#### [DIRECTIONS]
Give an exact copy of the data that follows, but none of its pictures.

#### [DATASET CONTENT]
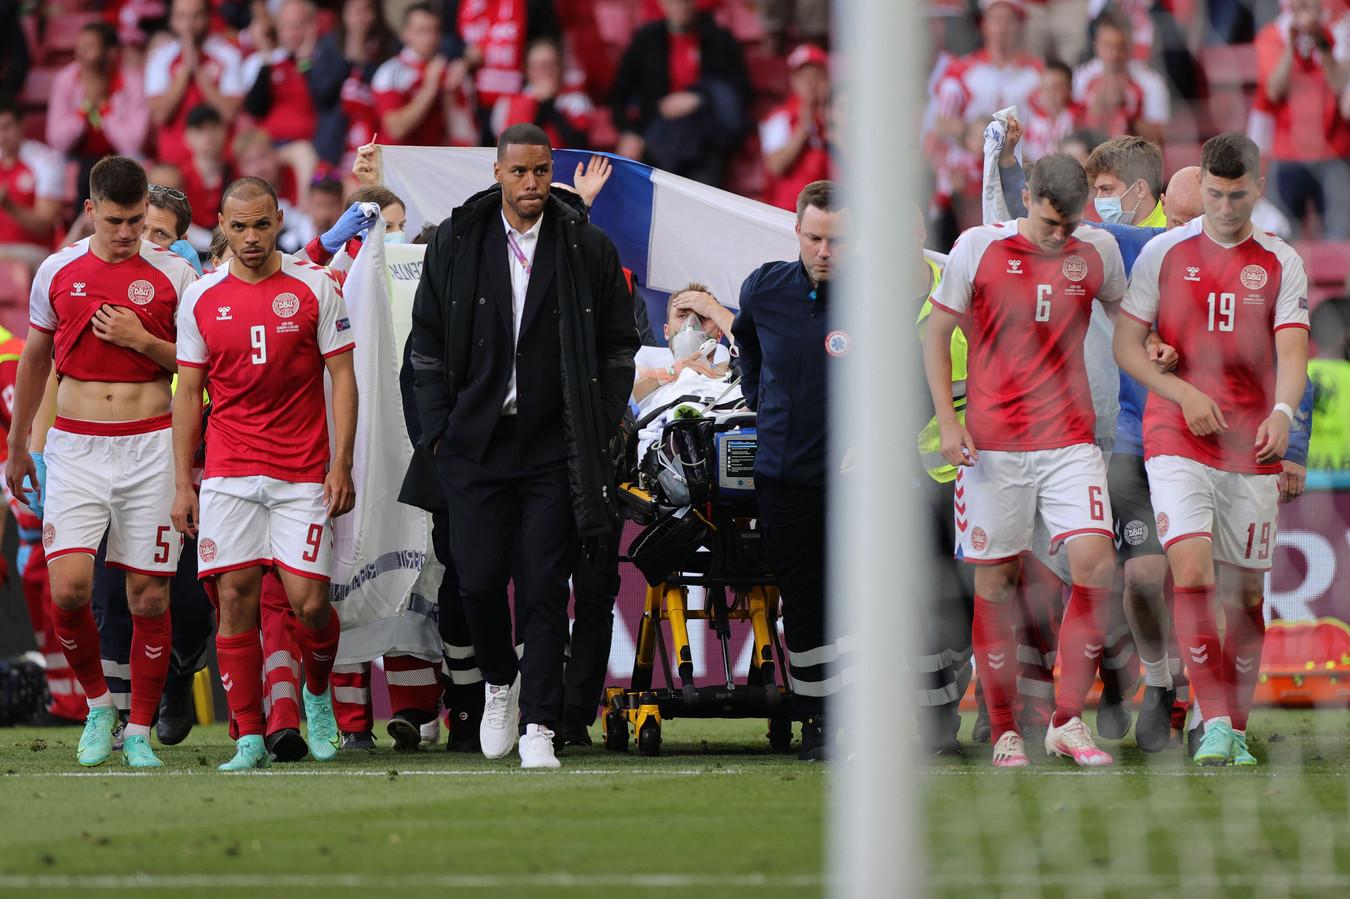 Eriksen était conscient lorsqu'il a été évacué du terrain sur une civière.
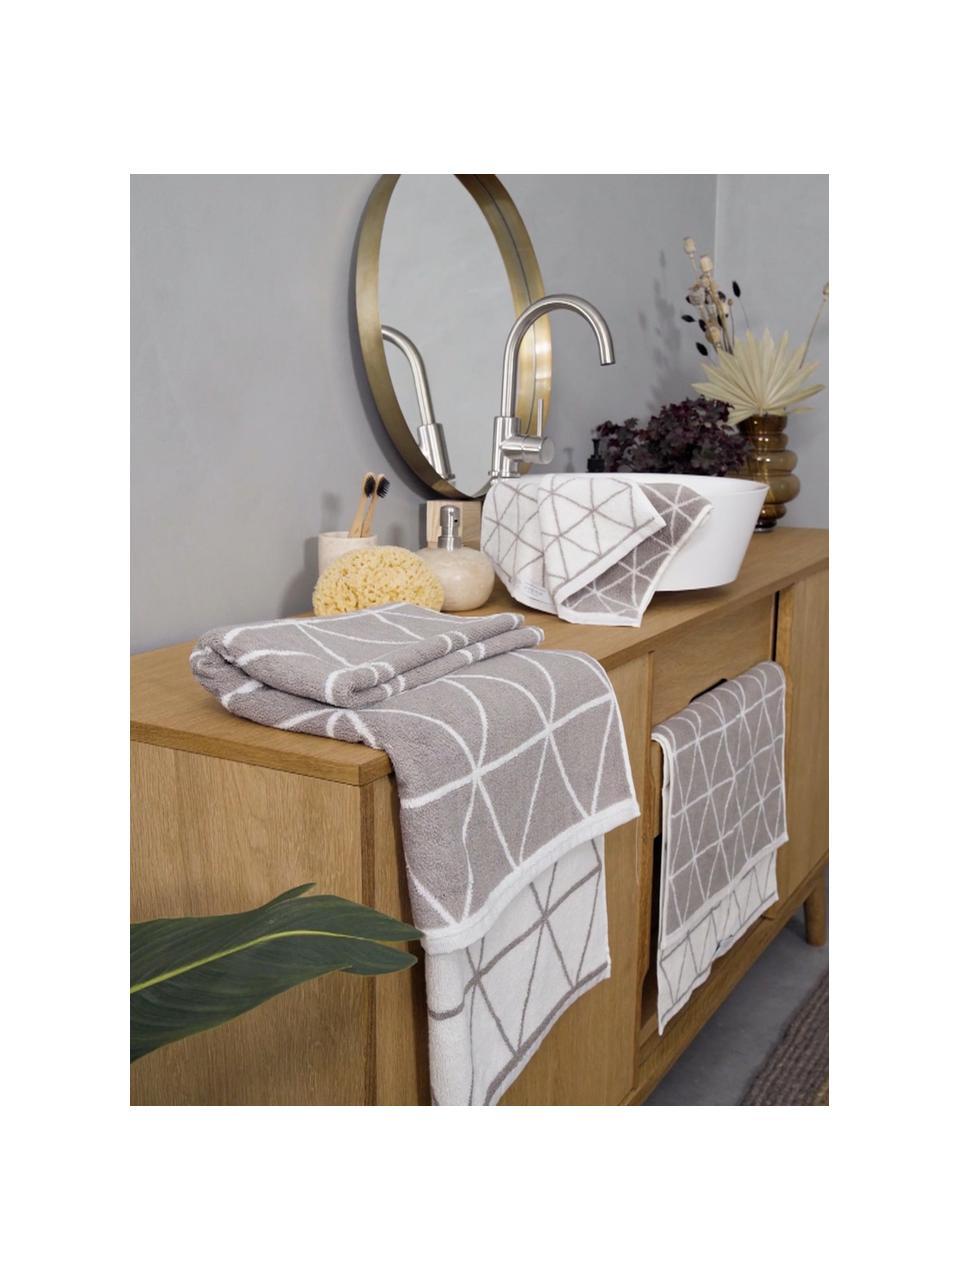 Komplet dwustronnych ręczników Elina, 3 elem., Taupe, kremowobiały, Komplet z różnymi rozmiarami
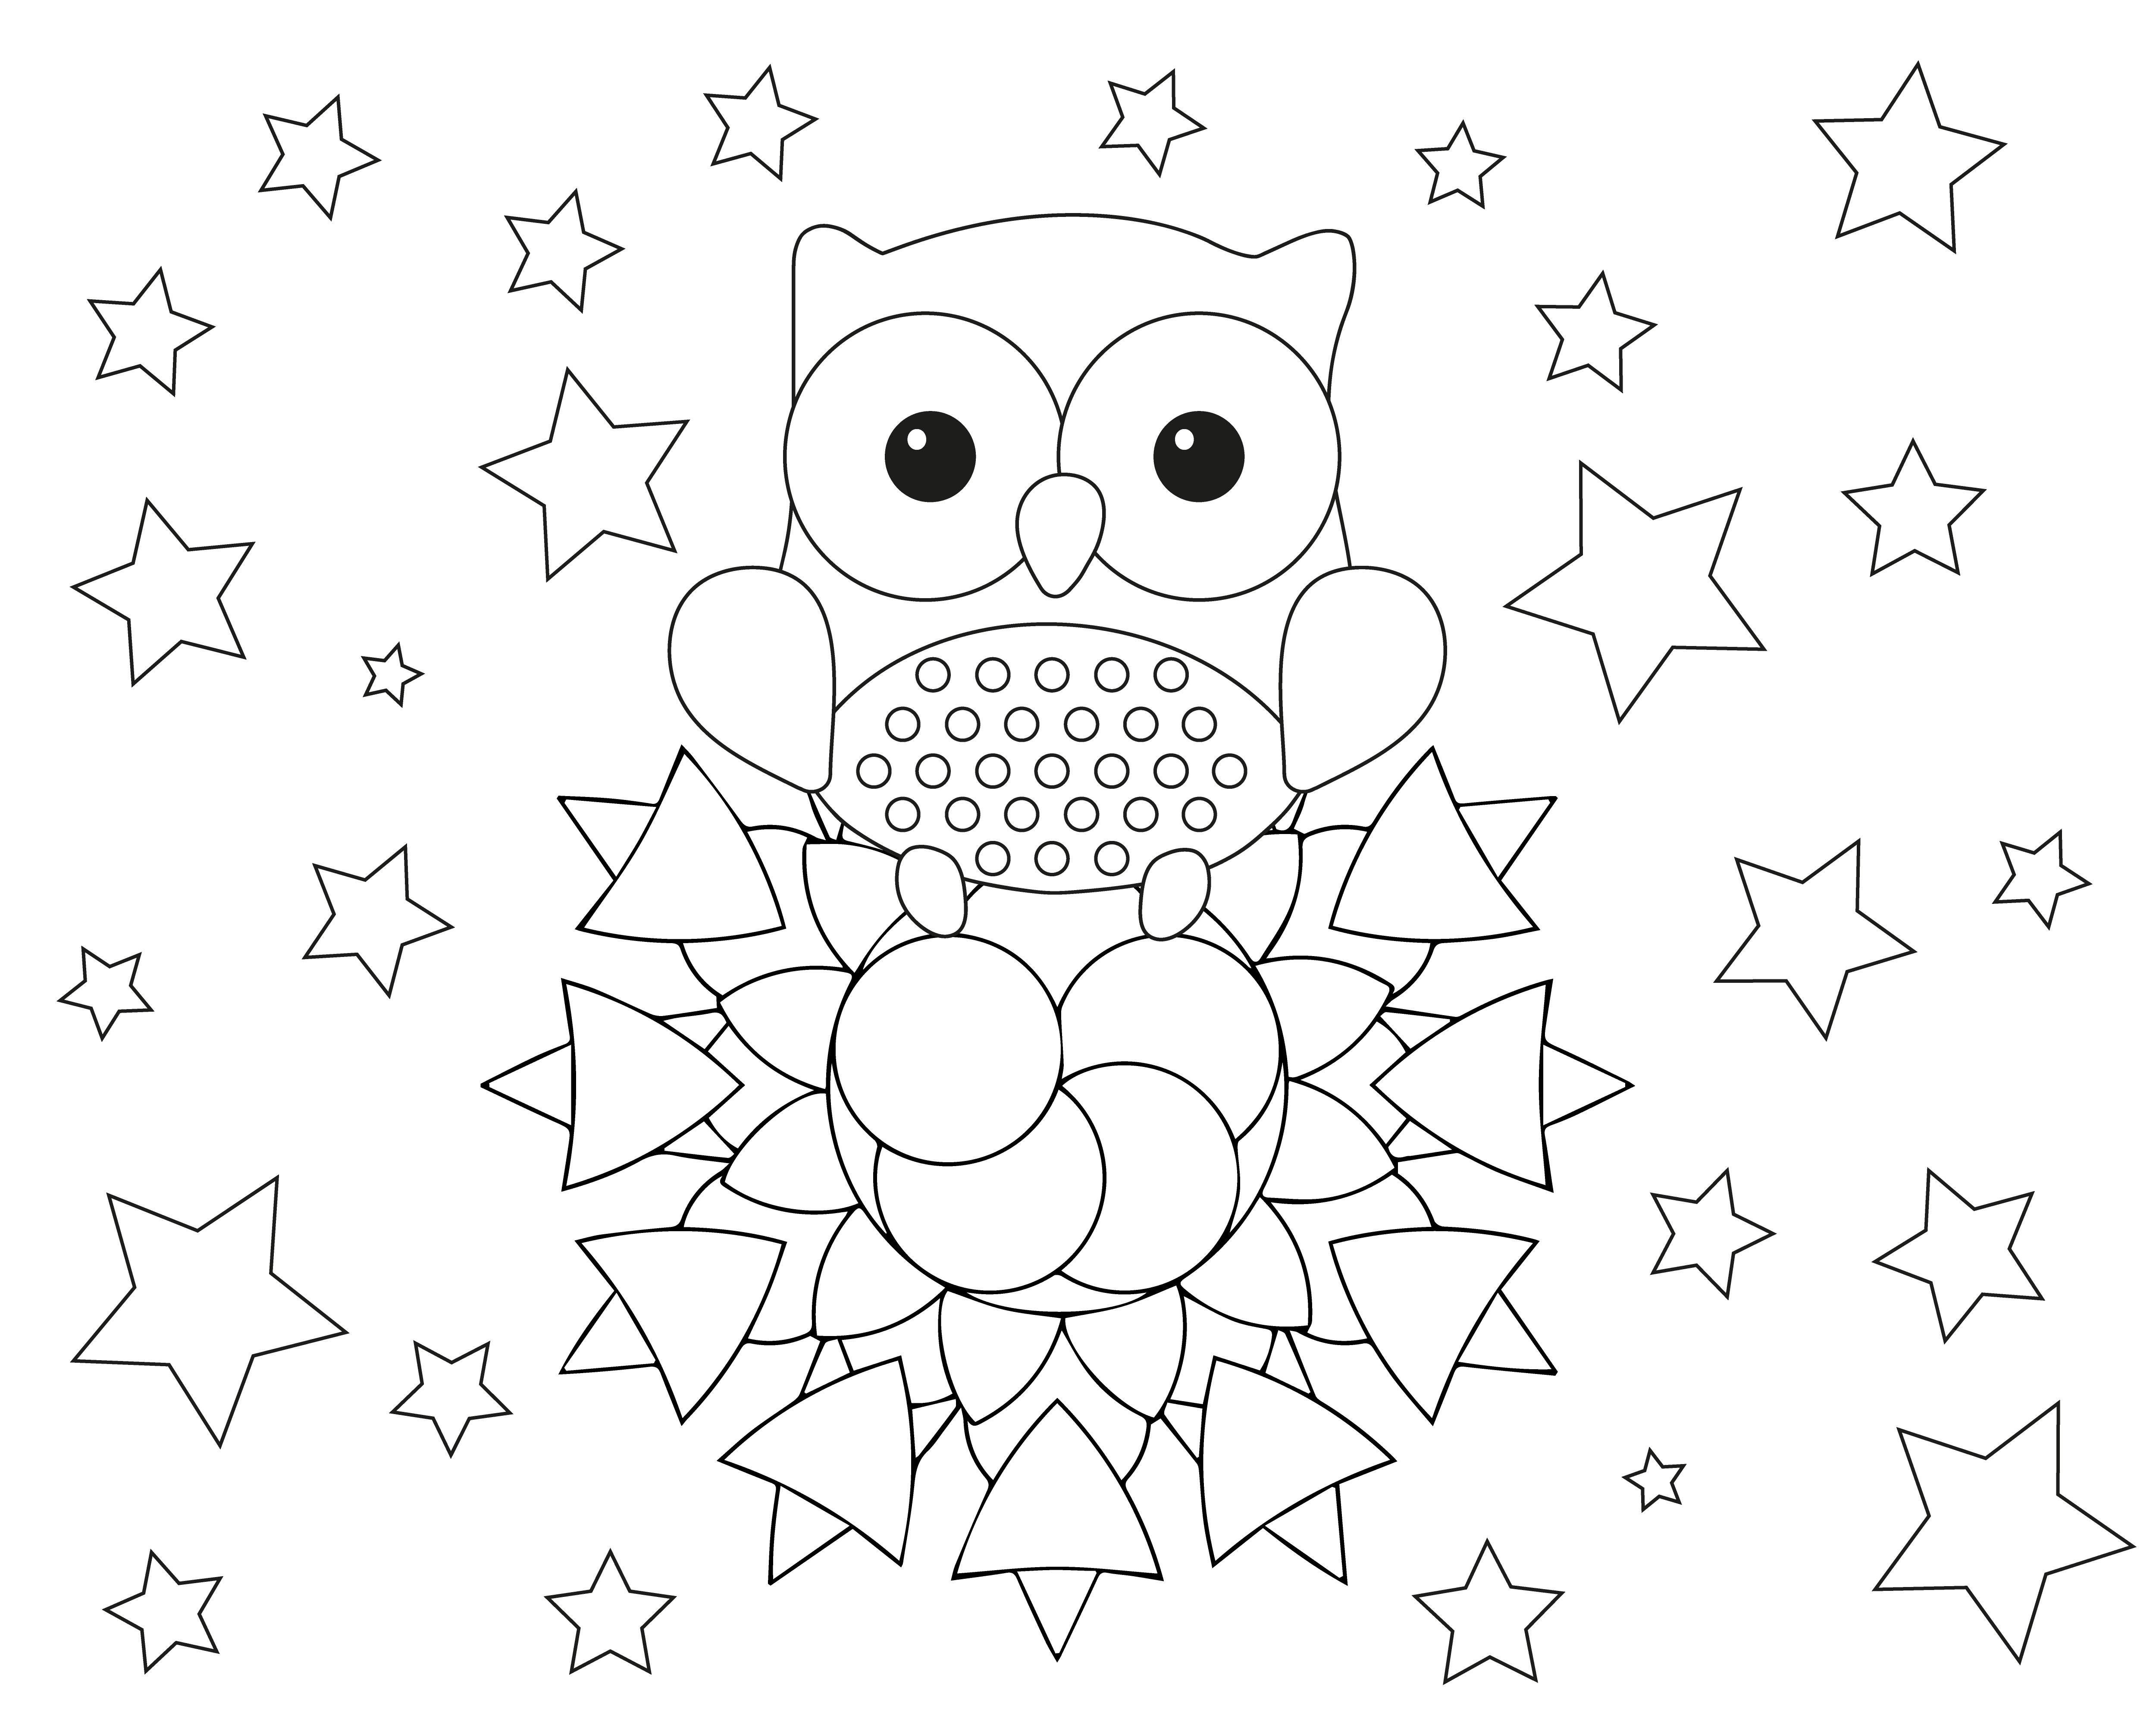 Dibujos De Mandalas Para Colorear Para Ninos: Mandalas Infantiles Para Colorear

#### [YOUR RESPONSE]
 Eriksen était conscient lorsqu'il a été évacué du terrain sur une civière.
 Komplet dwustronnych ręczników Elina, 3 elem., Taupe, kremowobiały, Komplet z różnymi rozmiarami
 Dibujos De Mandalas Para Colorear Para Ninos: Mandalas Infantiles Para Colorear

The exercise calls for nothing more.